Level Playing Field Clauses
- Environment is the area of greatest relevance to dairy under the level playing field clauses. The agreement effectively puts a floor under UK and EU standards from which they can only be further developed upwards.
- The agreement states neither party shall weaken or reduce, in a manner affecting trade or investment between the Parties, its environmental levels of protection or its climate level of protection below the levels that are in place at the end of the transition period, including by failing to effectively enforce its environmental law or climate level of protection.
- A number of the subject areas separately identified in the agreement have a bearing on the UK dairy sector.

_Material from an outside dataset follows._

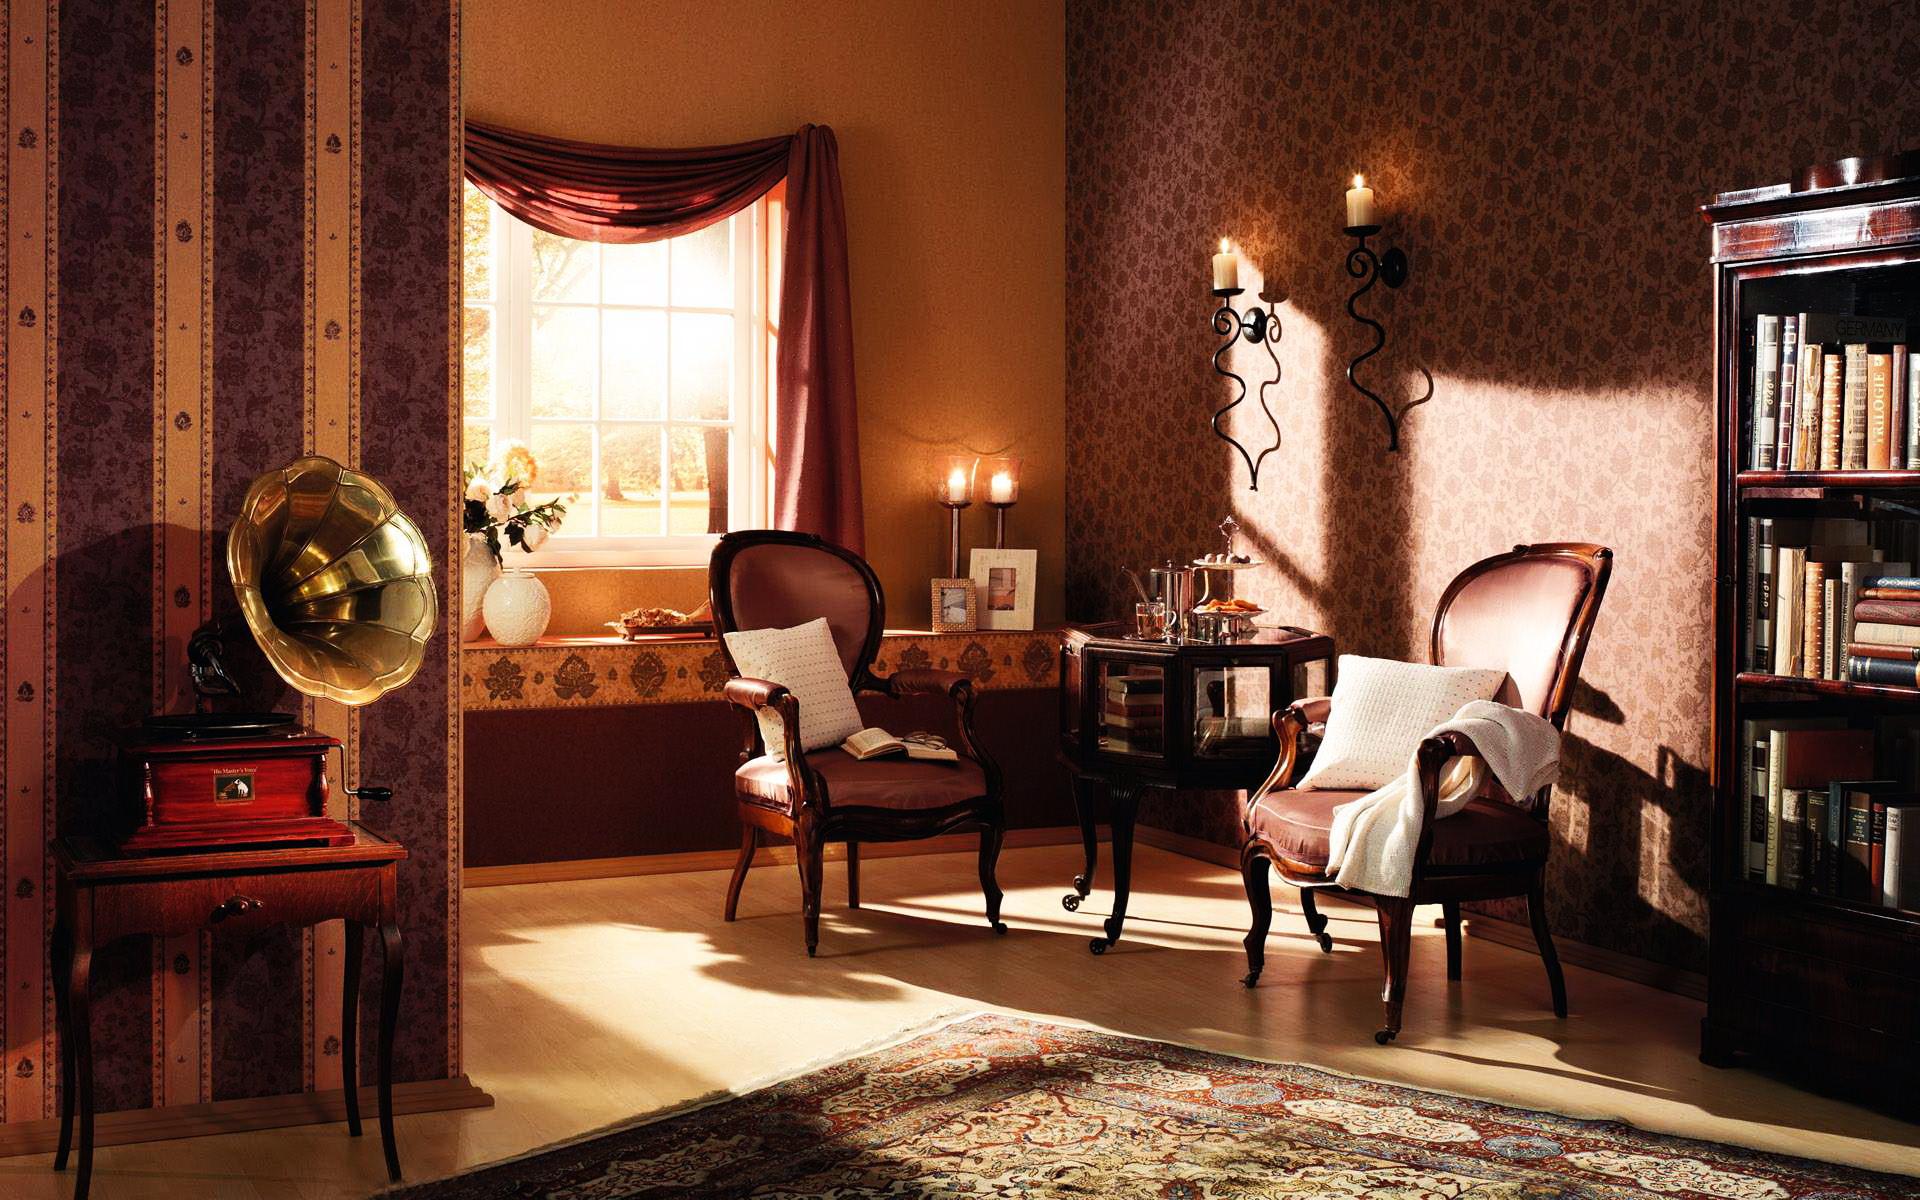 Фото комната под старину
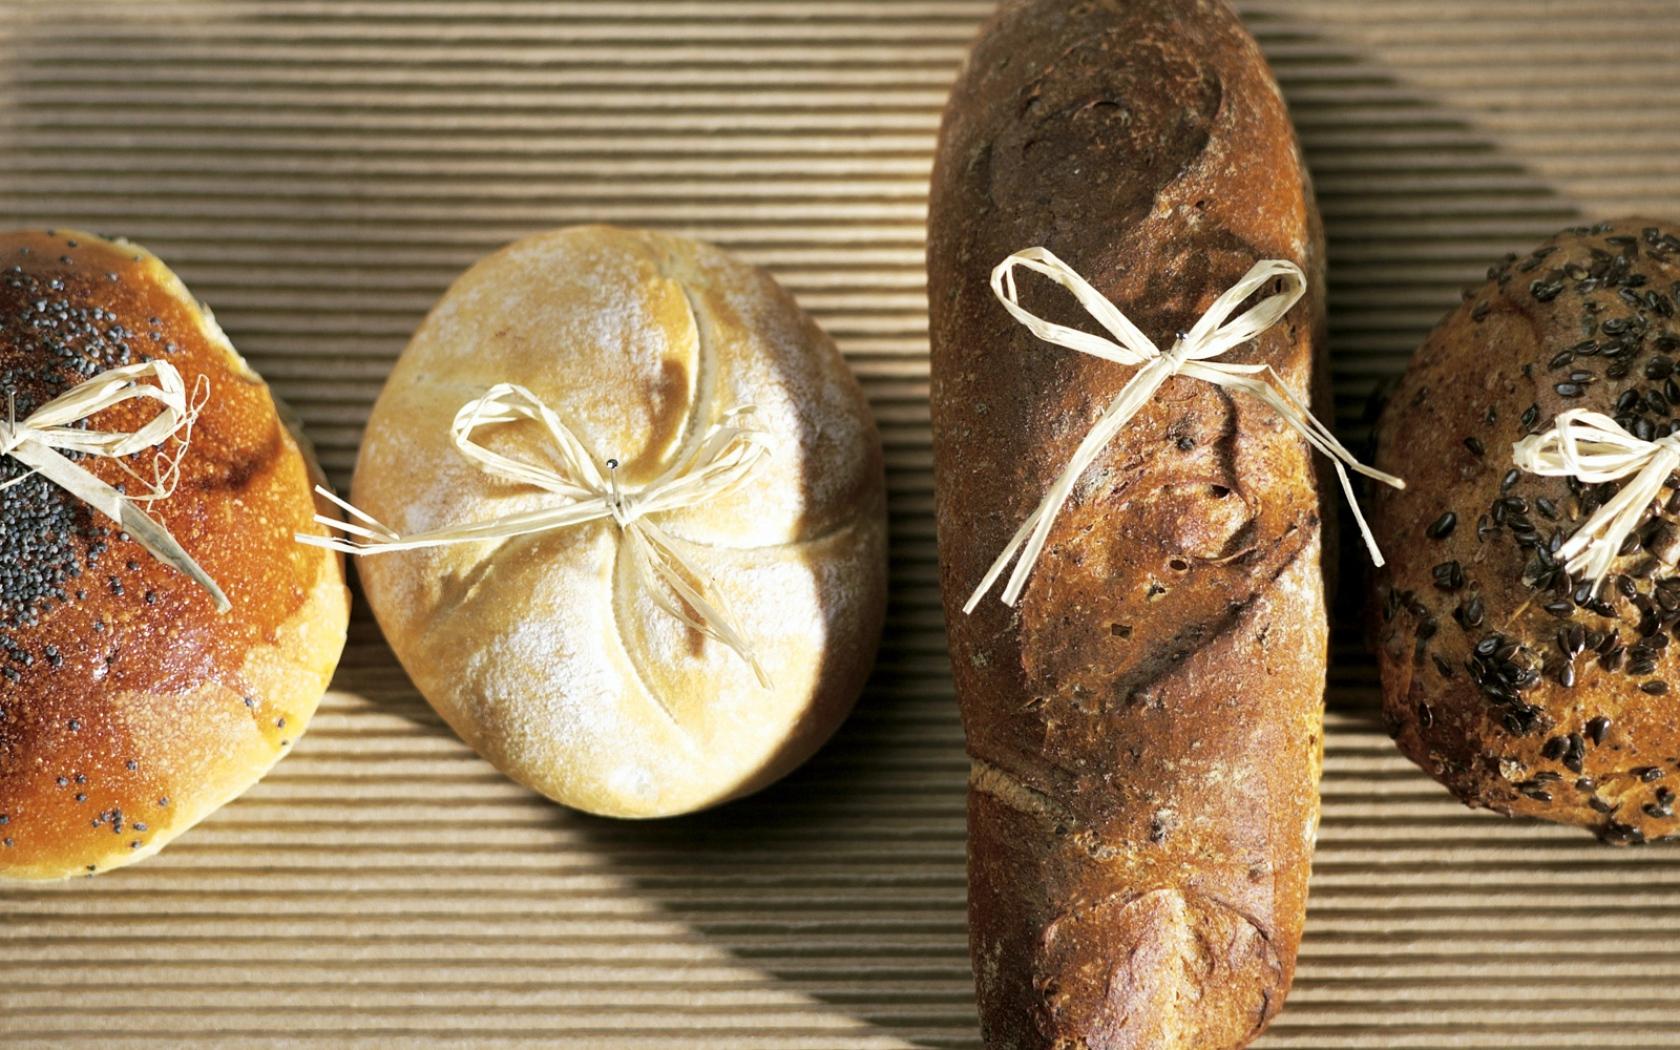 lovely-bread-wallpaper-37320-38178-hd-wallpapers

They include:
- industrial emissions
- air emissions and air quality
- nature and biodiversity conservation
- waste management
- the prevention, reduction and elimination of risks to human health or the environment arising from the production, use, release or disposal of chemical substances
- the management of impacts on the environment from agricultural or food production, notably through the use of antibiotics and decontaminants
- The UK dairy sector is committed to improving its environmental performance. The primary mechanism for delivering this is the UK Dairy Roadmap which sets challenging targets for environmental improvement. Independently Dairy UK will be seeking to develop environmental standards for dairy farming which can be adopted by processors within their own supply chains. Prior to the UK - EU Trade and Cooperation Agreement, Dairy UK was not advocating or seeking any reduction in UK or EU standards in the areas identified in the agreement.
- The substantive point of concern is how the UK dairy sector will be able to compete with fixed or rising environmental standards when it may be subject to imports from countries not adhering to these standards as a result of the UK’s trade liberalization policy. Whilst the UK Government has repeatedly insisted that it will not drop standards, it is difficult to see how this can be achieved when essentially the UK as a service led economy must offer agricultural access if it is to reach agreement with many of the potential trade partners it has identified and entered into negotiations with.